There are two books about Erickson's life and music: Thinking Sound Music: The Life and Work of Robert Erickson by Charles Shere and Music of Many Means: Sketches and Essays on the Music of Robert Erickson by Robert Erickson and John MacKay.

==Illness and death==
He suffered from a wasting muscle disease, polymyositis, and was bedridden and in pain for fifteen years before his death. He died in San Diego in 1997, California, aged 80.

==Recordings==
- American Classics - A Continuum Portrait Vol 9 - Erickson: Recent Impressions, Songs, High Flyer, Summer Music. Naxos 8.559283
- Robert Erickson: Pacific Sirens.
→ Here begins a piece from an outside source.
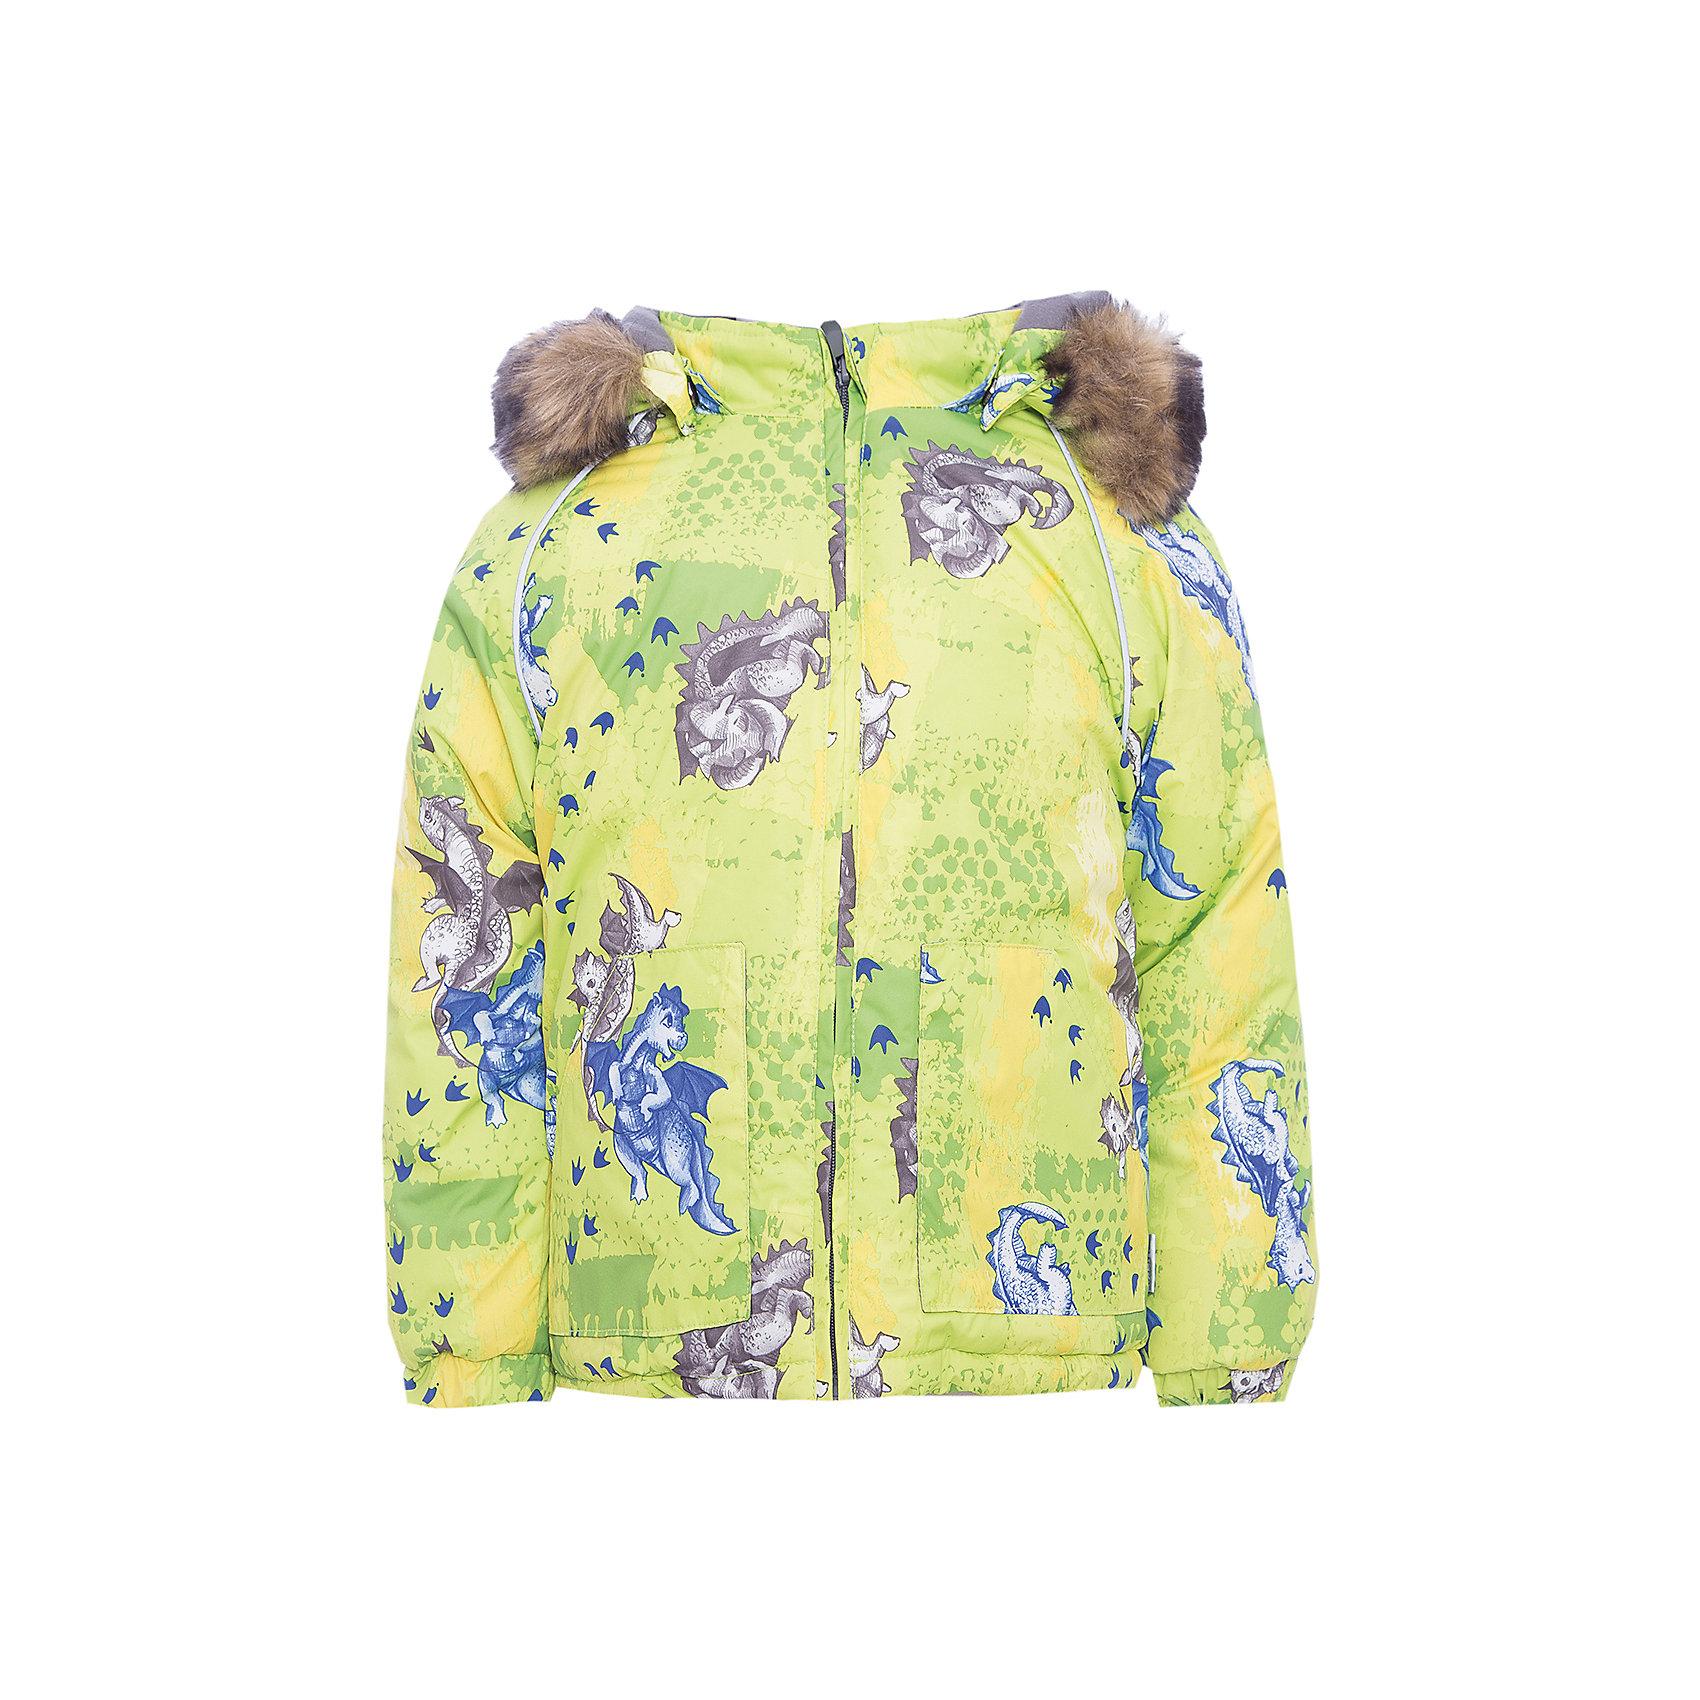 Куртка VIRGO HuppaЗимние куртки<br>Куртка для малышей VIRGO.Водо и воздухонепроницаемость 5 000. Утеплитель 300 гр. Подкладка фланель 100% хлопок. Отстегивающийся капюшон с мехом. Манжеты рукавов на резинке. Имеются светоотражательные детали.<br>Состав:<br>100% Полиэстер<br><br>Ширина мм: 356<br>Глубина мм: 10<br>Высота мм: 245<br>Вес г: 519<br>Цвет: зеленый<br>Возраст от месяцев: 36<br>Возраст до месяцев: 48<br>Пол: Унисекс<br>Возраст: Детский<br>Размер: 104,80,86,92,98<br>SKU: 7027240

New World Records 80603
- Robert Erickson: Kryl, Ricercar, Postcards, Dunbars Delight. CRI 616
- Robert Erickson: Auroras. New World Records 80682
- Robert Erickson: Complete String Quartets. New World Records 80753
- Robert Erickson: Duo, Fives, Quintet, Trio. New World Records 80808

==Bibliography==
- Erickson, Robert. 1975. Sound Structure in Music. Berkeley and Los Angeles: University of California Press. ISBN 0-520-02376-5.
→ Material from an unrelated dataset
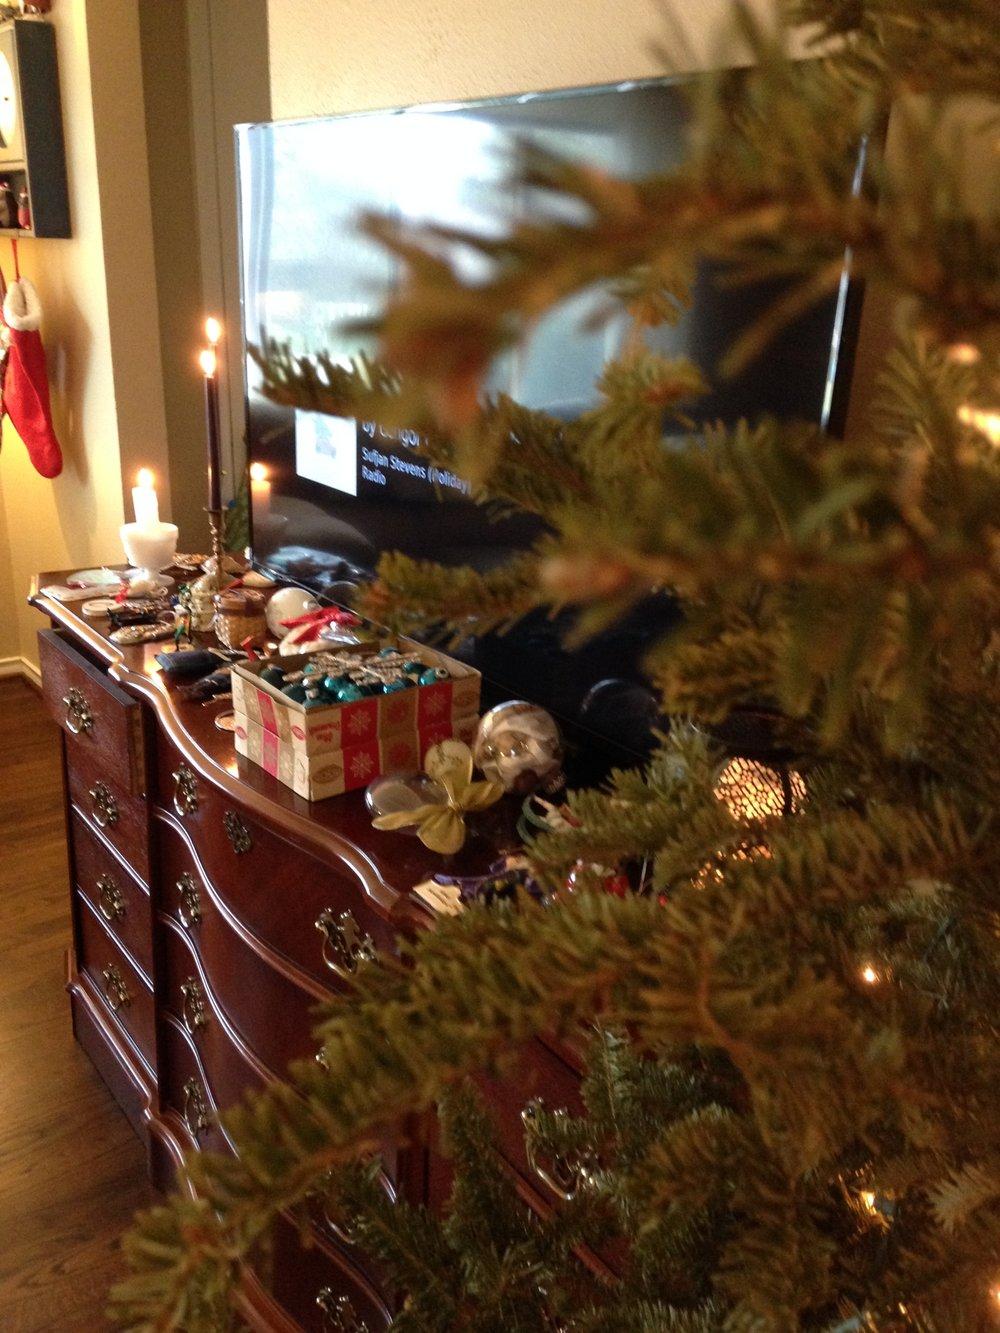 How We'll Christmas the 12 Days Through - For the Birds - by Leanna Coyle-Carr

- Erickson, Robert. 1988. "Composing Music". Perspectives of New Music 26, no. 2 (Summer): 86–95.
- Erickson, Robert, and John MacKay. 1995. Music of Many Means: Sketches and Essays on the Music of Robert Erickson. Lanham, Maryland: Scarecrow Press. ISBN 0-8108-3014-0
- MacKay, John. 1988. "On the Music of Robert Erickson: A Survey and Some Selected Analyses". Perspectives of New Music 26, no. 2 (Summer): 56–85.
- Reynolds, Roger. 1988. "Wonderful Times". Perspectives of New Music 26, no. 2 (Summer): 44–55.
- Shere, Charles. 1995. Thinking Sound Music: The Life and Work of Robert Erickson. Berkeley: Fallen Leaf Press. ISBN 0-914913-33-6
- Shere, Robert. 2001. "Erickson, Robert". The New Grove Dictionary of Music and Musicians, ed. Stanley Sadie and John Tyrrell. London: Macmillan.